Let me take time to single out just how expertly Evan Peters (TV’s American Horror Story) steals the entire mutant-heavy movie. First, he’s the most comically attuned character, which is a nice break from how serious, and rightly so, every character is so often. Quicksilver provides a whole new jolt of entertainment, and when he checks out after the prison break sequence you’ll dearly miss him. The character is a rapscallion (as my late grandmother might have termed) that enjoys using his super speed powers to mess with people, to test his limits, to see what he can get away with, and a Pentagon jailbreak is right up his alley. Ignore the silly yet period appropriate outfit and ignore what initially seems like Peters’ smirking self-involvement from trailers and ads. When this character is onscreen the movie has a joyful sense of irreverence. He is instrumental to freeing Magneto and the onscreen depiction of his super speed is the best illustration of the power ever conceived in film and TV. There is a segment sent to Jim Croce’s “Time in a Bottle,” and some wonderful special effects, which is just so playful, so giddy, and so cool that it very well might be my favorite moment in any superhero movie… ever. It is definitely an applause-worthy moment and my audience responded in kind. Quicksilver is a perfectly utilized supporting player in a movie stuffed to the gills with characters.
The time travel geek in me has a few quibbles with the parallel lines of action from past and present. Wolverine’s consciousness is sent back in time but he film plays out like it’s happening simultaneously to the events of the future. So if Wolverine is pulled out in the middle of the movie, he’ll have failed his mission to change the future, even though by going back in time he’s already, blah blah blah butterfly effect. Anyway, I understand how they want to make the future story have a sense of urgency but it’s not like waking Wolverine from a dream; the times are not happening concurrently. He’s in the past, meaning that the moment he goes back there, the future will already be altered due to the consequences of his actions, for better or worse. There is no race against time to keep his consciousness back in time until he complete his mission. I can see why they went this route for a summer blockbuster, but that doesn’t quell the quibbles.
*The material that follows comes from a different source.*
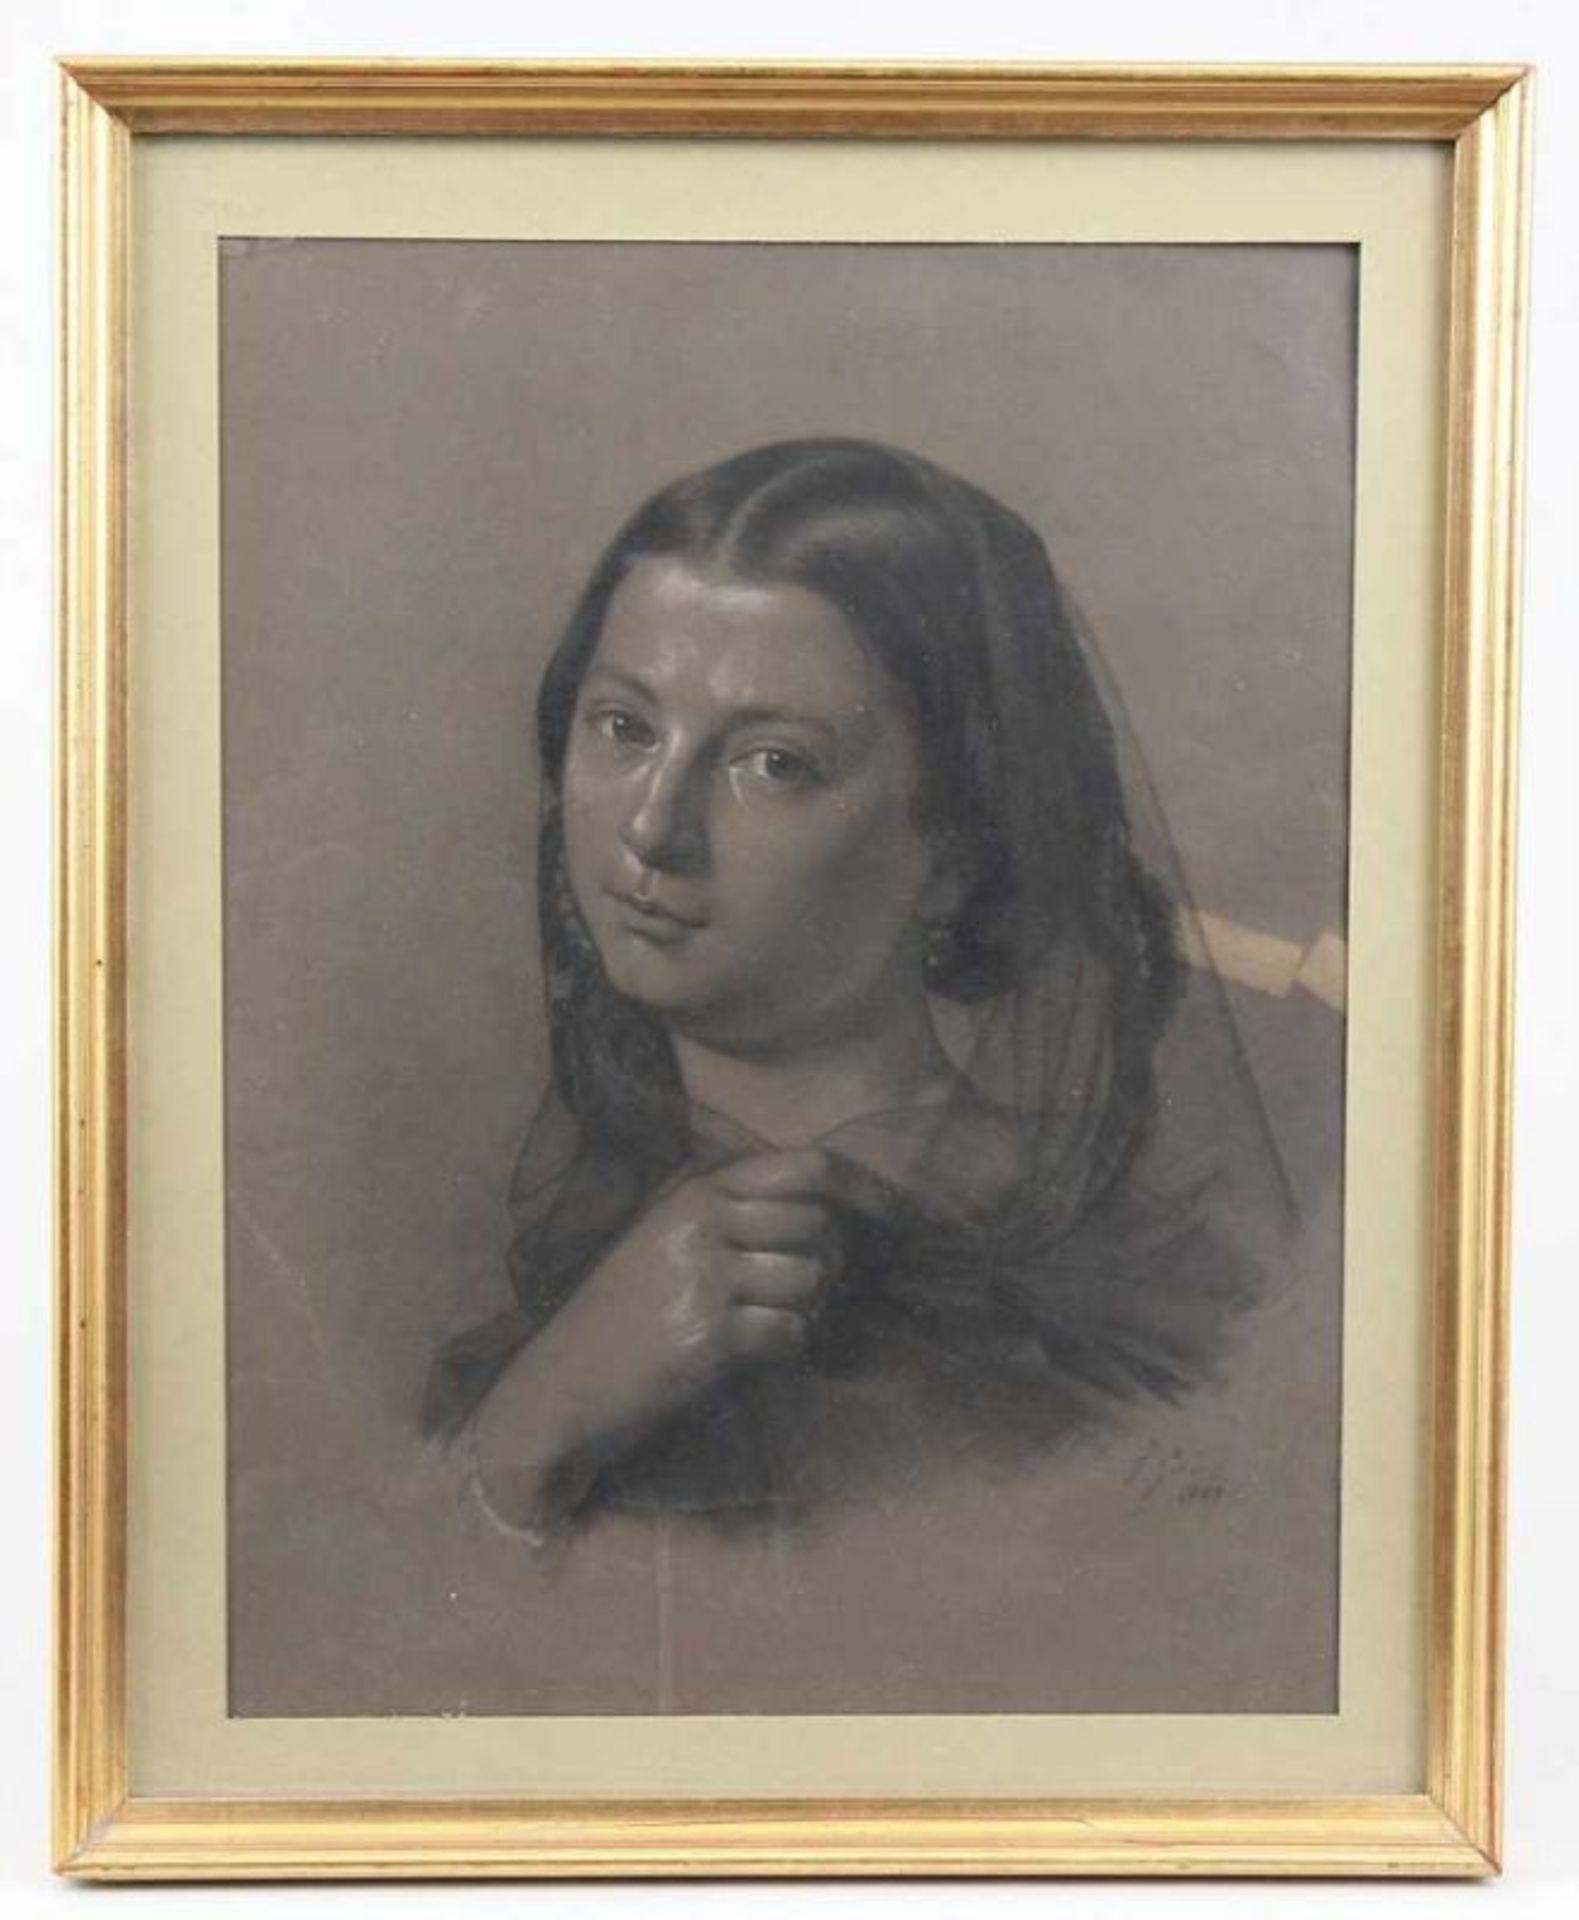 Gai, Francesco (Rom 1835 - 1917 Rom) Zeichnung, schwarze Kreide mit Weißhöhungen auf dunkelbraunem

X-Men: Days of Future Past is a time-hopping, unabashedly fun time at the movies; well as fun as preventing nightmarish futures built from the consequences of oppression and prejudice can be. With Singer back in the saddle and the bridging of the two X-Men universes, the series is back on track and once again the promising font of stories and characters. The newest X-film is one of the most entertaining, funny while still being dramatic, and while burdened with the largest cast of any super franchise, finds notable moments for its characters big and small to remind us that these people matter. While less philosophical and funky than First Class, this is one of the best films in the franchise, on par with X2. The action sequences and visual eye-candy are great fun with some inventive and memorable touches. It’s also nerdy fun getting to watch the past and present interact, and for many this is their first return since 2006’s crappy Last Stand. It’s not a perfect movie; I wish there was more early Sentinel action, I wish Dinklage had much more to do, and I wish that the plot didn’t so transparently hinge on Xavier not having his powers. The slate is clean and all X-Men fans can breathe a sigh of relief. The future is once again rosy. The X-Men, and not just Wolverine, are relevant once again.